The Belief–Desire–Intention (BDI) model is the canonical deliberative agent architecture in both philosophy and computer science. Bratman (1987) introduced it as a theory of practical reasoning, arguing that intentions are irreducible to beliefs and desires: an intention is a commitment to a plan that constrains future deliberation (you don't reconsider from scratch at every step). Rao and Georgeff (1995) formalised BDI as a computational architecture with branching-time temporal logic, demonstrating that agents with explicit intentions can exhibit more stable and efficient behaviour than purely reactive or purely planning-based agents.

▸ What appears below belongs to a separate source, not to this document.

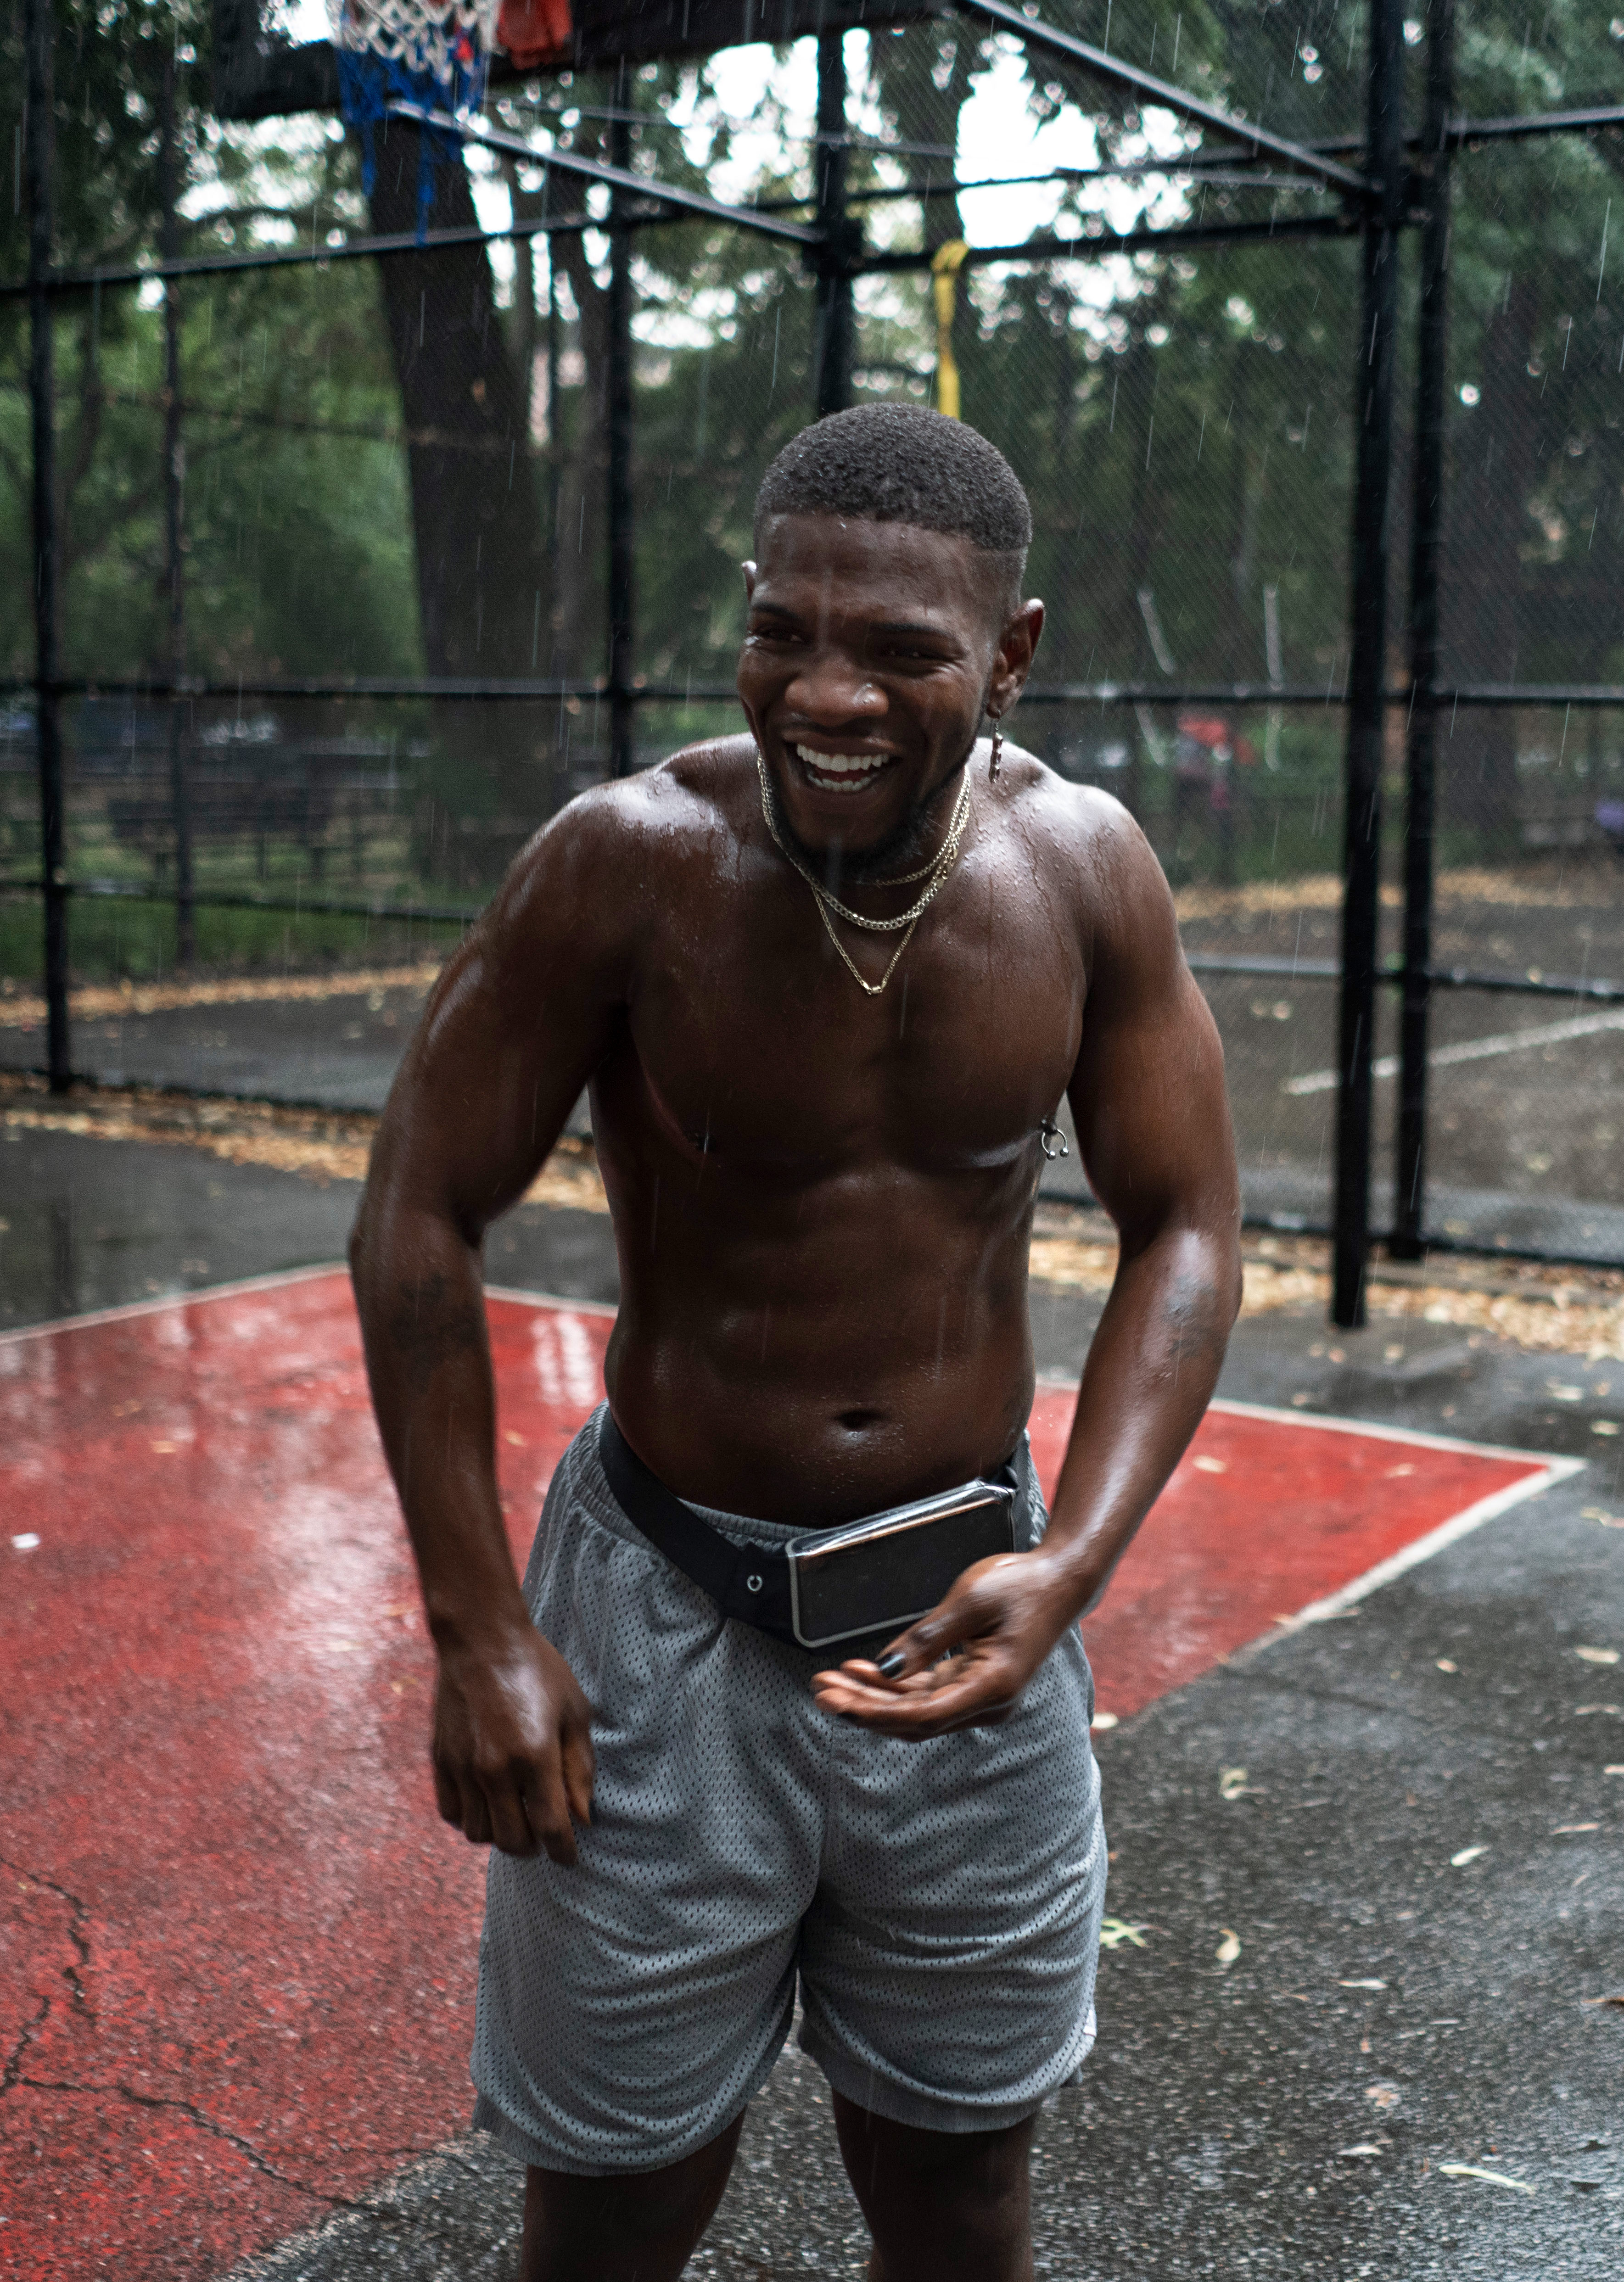 Mies nauraa sateessa paidattomana koripallokentällä.

Three of the framework's six layers correspond directly to BDI:

Beliefs map to BeliefsEngine — the agent's model of the world, updated by evidence.
Desires map to DesiresEngine — motivational drivers that the agent has not yet committed to.
Intentions map to GoalsEngine — committed, time-bound, decomposable objectives. In BDI terminology, a goal is a desire that has been "adopted" and given a plan.

The framework extends BDI in three directions. Values add a layer above beliefs that BDI externalised: classical BDI has no formal account of where desires come from or what makes some desires more admissible than others. Purpose adds a stable identity layer that classical BDI subsumed into the agent's initial state. Tasks add a layer below intentions that BDI typically delegated to the plan library. The result is a six-layer hierarchy that preserves BDI's core insight (intentions as commitments that constrain deliberation) while adding the motivational structure that classical BDI left implicit.

Competitive landscape

The Agent Values Framework does not exist in a vacuum. Four categories of existing work address overlapping parts of the problem: cognitive architectures, agent frameworks, value alignment techniques, and generative agent research. Understanding what each provides — and what it does not — clarifies the specific gap this framework occupies. The comparison table below provides a structural overview; the prose sections that follow offer a fair, detailed assessment.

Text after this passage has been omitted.